## Dataset section
-- Opening Marker --

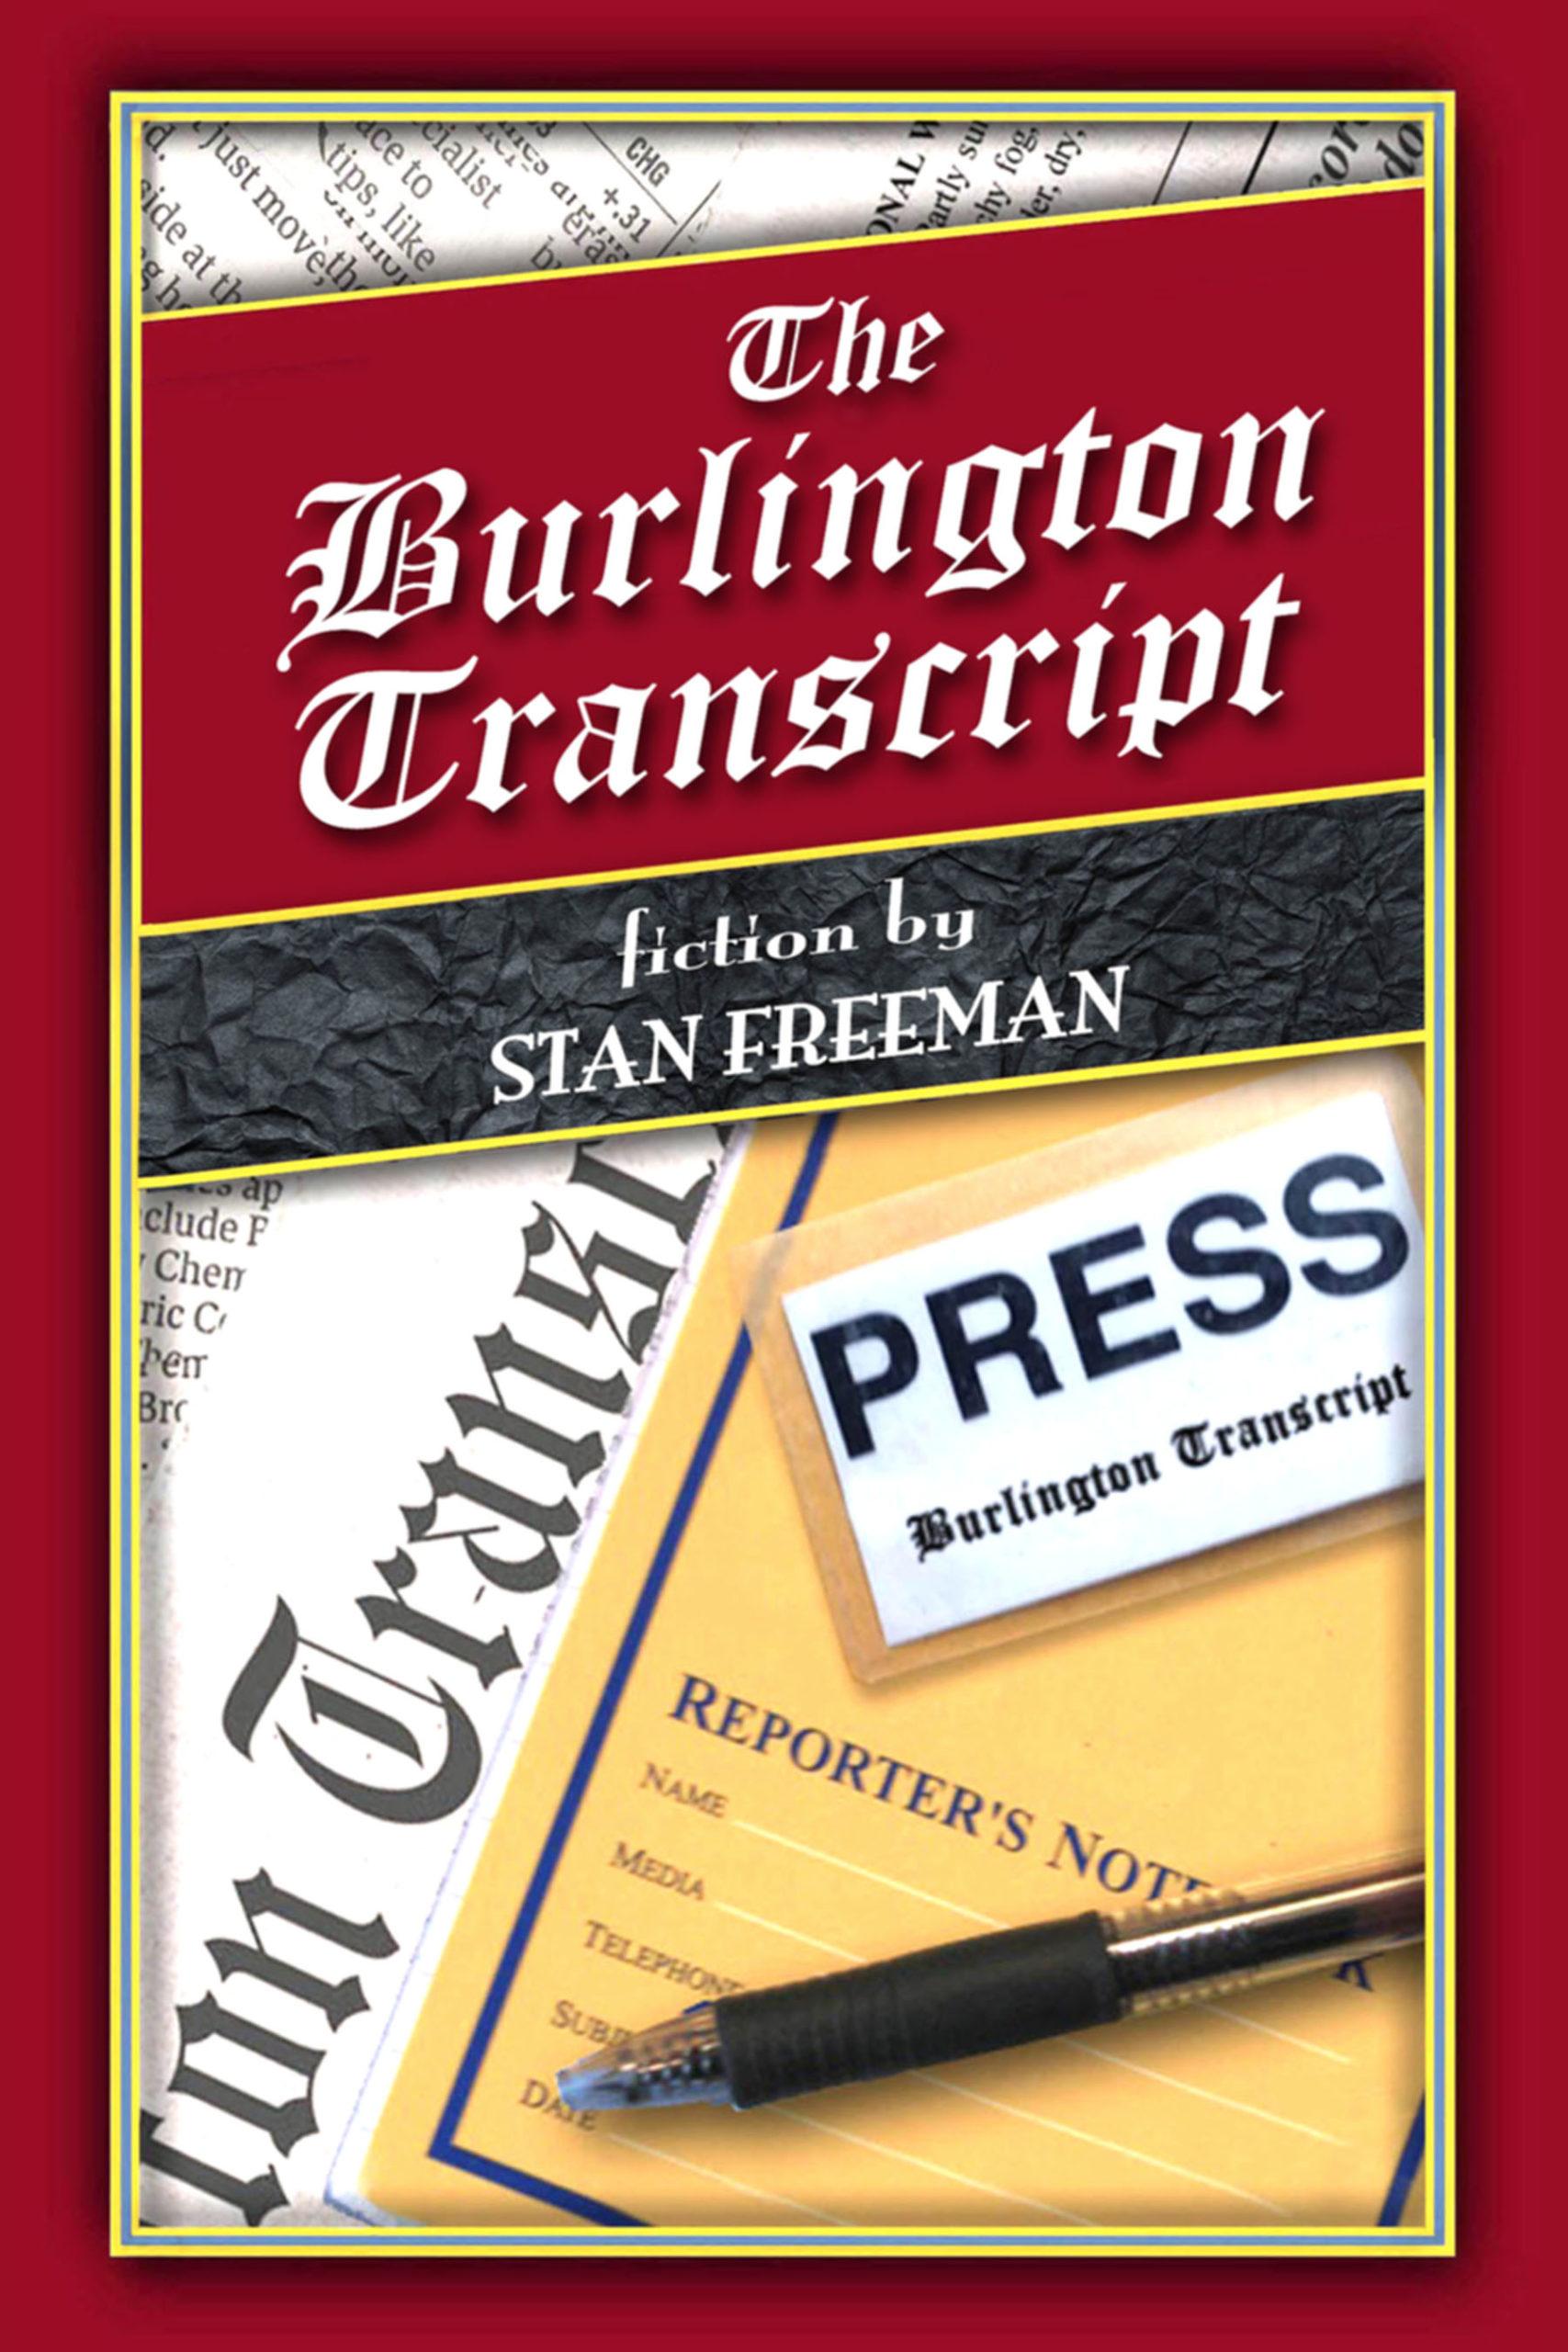 The Burlington Transcript
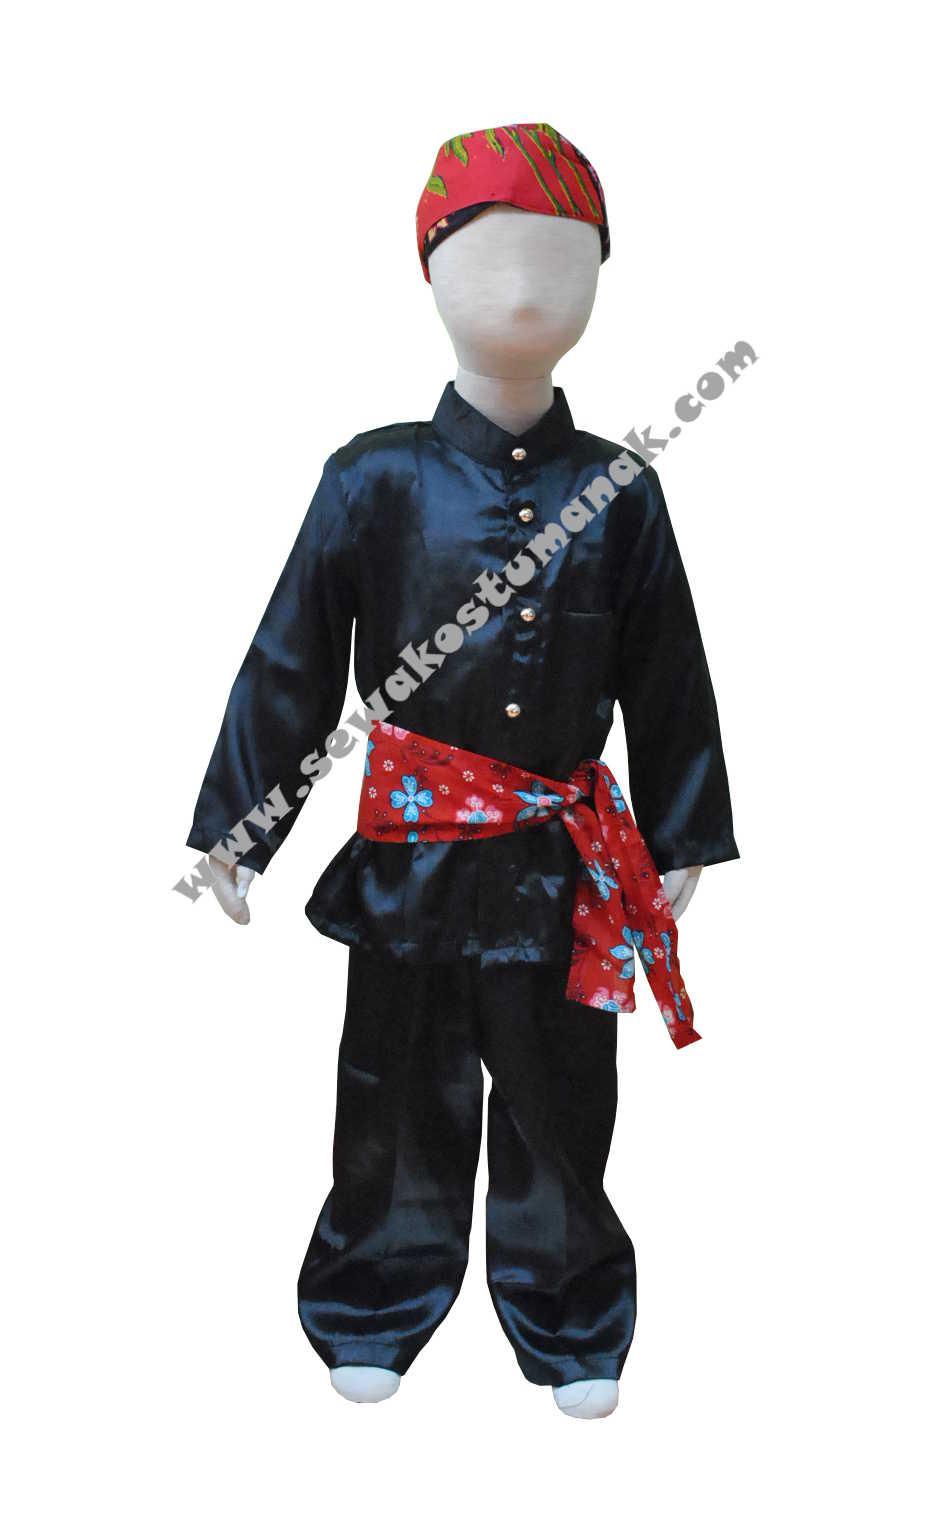 Pakaian Adat Betawi | Baju Adat Betawi | Sewa Kostum Anak
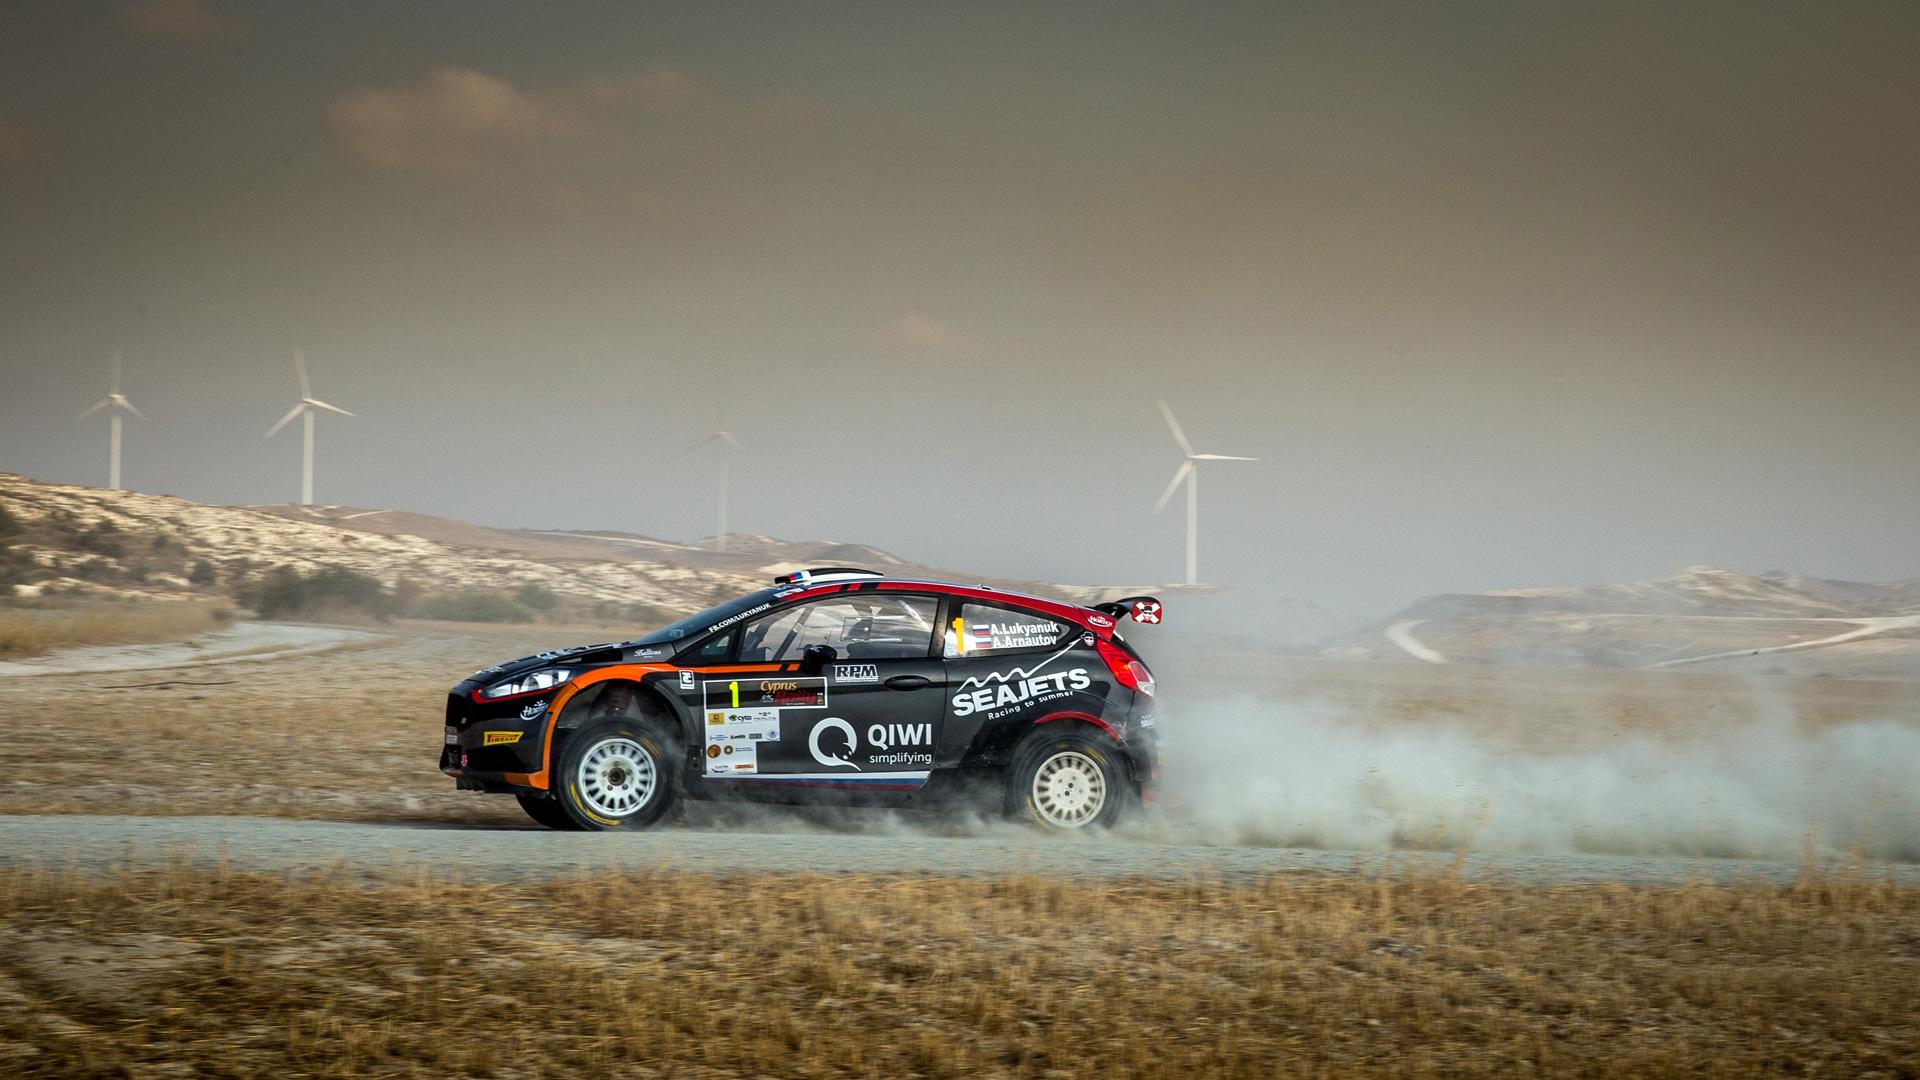 Cyprus Rally 2018 – четвертый этап Чемпионата Европы по ралли

-- Closing Marker --

Type the listing above out again exactly, and omit all pictures.

## Your response
 The Burlington Transcript
 Pakaian Adat Betawi | Baju Adat Betawi | Sewa Kostum Anak
 Cyprus Rally 2018 – четвертый этап Чемпионата Европы по ралли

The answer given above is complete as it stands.